We apply the proposed GWO algorithm using the selected control parameter set for 300 iterations. The GWO procedure runs ten consecutive times to execute the repair shown in Table 2. We then select the run that provides the best value for optimizing the objective function. We set the swarm size to 30.
Analyses the substitute matrix with the original Matrix, the original PWM has \({\lambda }_{max}=4.38\) and \(CR=0.14\). In contrast to the Table. 3, the substitute PWM resulted in \({\lambda }_{max}=4.027912 CR= 0.010338\), and the Optimization Best Fitness value = 0.066072. Comparing the original and substitute matrices, the difference between the original and substitute matrices is 0.038160. using the GWO algorithm with \(\epsilon =2\), the mean and S.D. of the corrected terms are 0.71 and 0.93, respectively.

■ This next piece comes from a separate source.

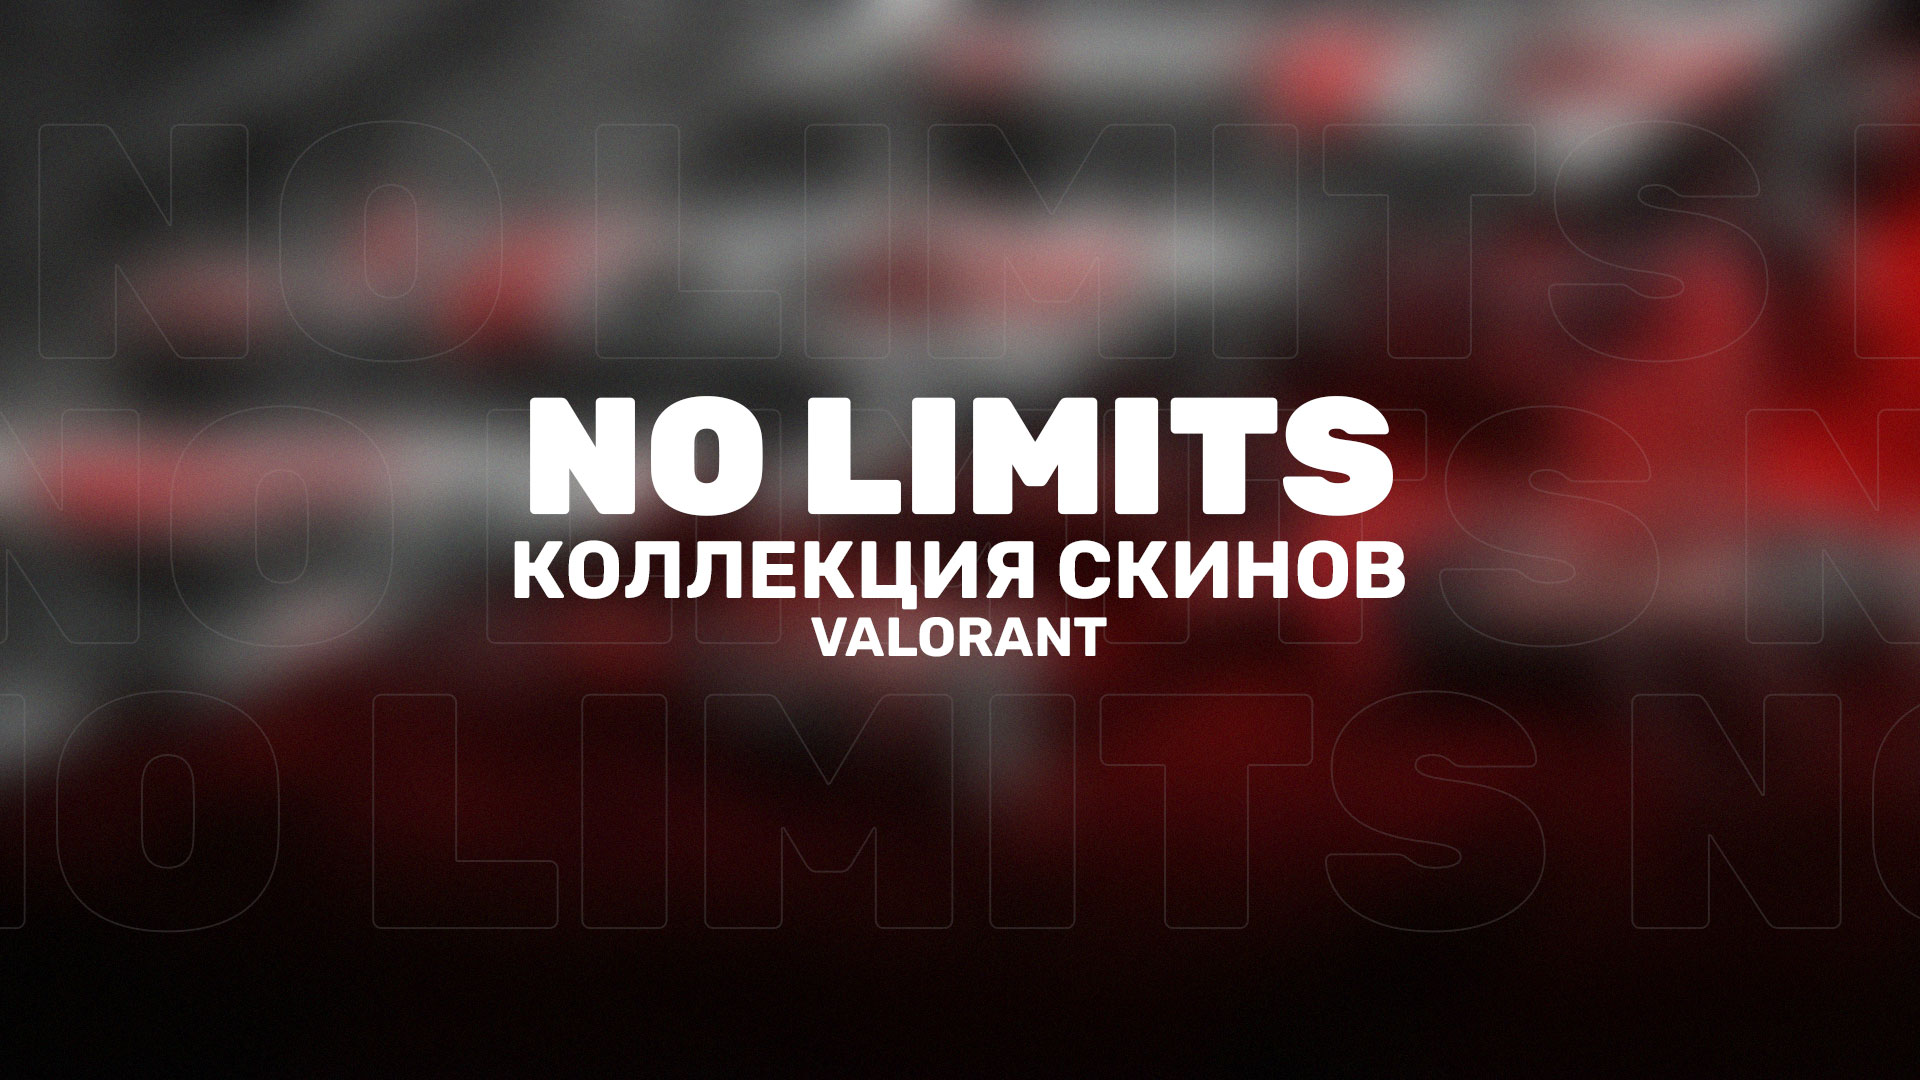 В Valorant, вместе с патчем 6.11, появилась новая простая коллекция скинов «Без тормозов» (NO LIMITS).

Table 4 shows the results of running this algorithm ten times for the initial matrix A. The standard deviation (S.D.) and mean of the correction elements, CR, and OFV are minimal, and Table 4 shows that all ten runs were successful. Figure 6 shows the optimized best value for the minimum CR and the difference between the original and substituted Matrix.
Example 2
PCM of order 5 with \(\epsilon =2\)
The second PCM from43 represents the Matrix of pairwise preference ratios for five criteria. The Original PCM is illustrated below in Table 5. The original PCM (Table 5) has \(CR=0.330499\) and \({\lambda }_{\text{max}}=6.480636\).
We use the chosen control parameters to apply the GWO algorithm for 300 iterations. We run the GWO procedure consecutively ten times to perform the repair shown in Table 5. We then select the run that provides the best value for optimizing the objective function. We set the swarm size to 30.
On analyzing the original and substitute matrices, the original PWM has \({\lambda }_{max}=6.480636\) and \(CR=0.330499\). In contrast to the Table 6, the substitute PWM resulted in \({\lambda }_{max}= 5.242061\) and \(CR=0.054032\), and the Optimization Best Fitness value = 0.285249. Comparing the original and substitute matrices, the difference between the original and substitute matrices is 0.043188. using the GWO algorithm with \(\epsilon =2\), the mean and S.D. of the corrected terms are 1.30 and 0.87, respectively.
“Supplementary Table S1” shows the results of running this algorithm ten times on the initial matrix A. The S.D. and mean of the correction elements, CR, and OFV are minimal, and “Supplementary Table S1” indicates that all ten runs were successful. Figure 7 displays the optimized best value for the minimum CR and the difference between the original and substituted Matrix.
Example 3
PCM of order 8 with ε = 2.
The Third PCM from43 represents the pairwise preference ratio matrix for five criteria. The Original PCM is illustrated below in Table 7. The original PCM (Table 7) has \(CR=0.169213\) and \({\lambda }_{\text{max}}=9.670136\).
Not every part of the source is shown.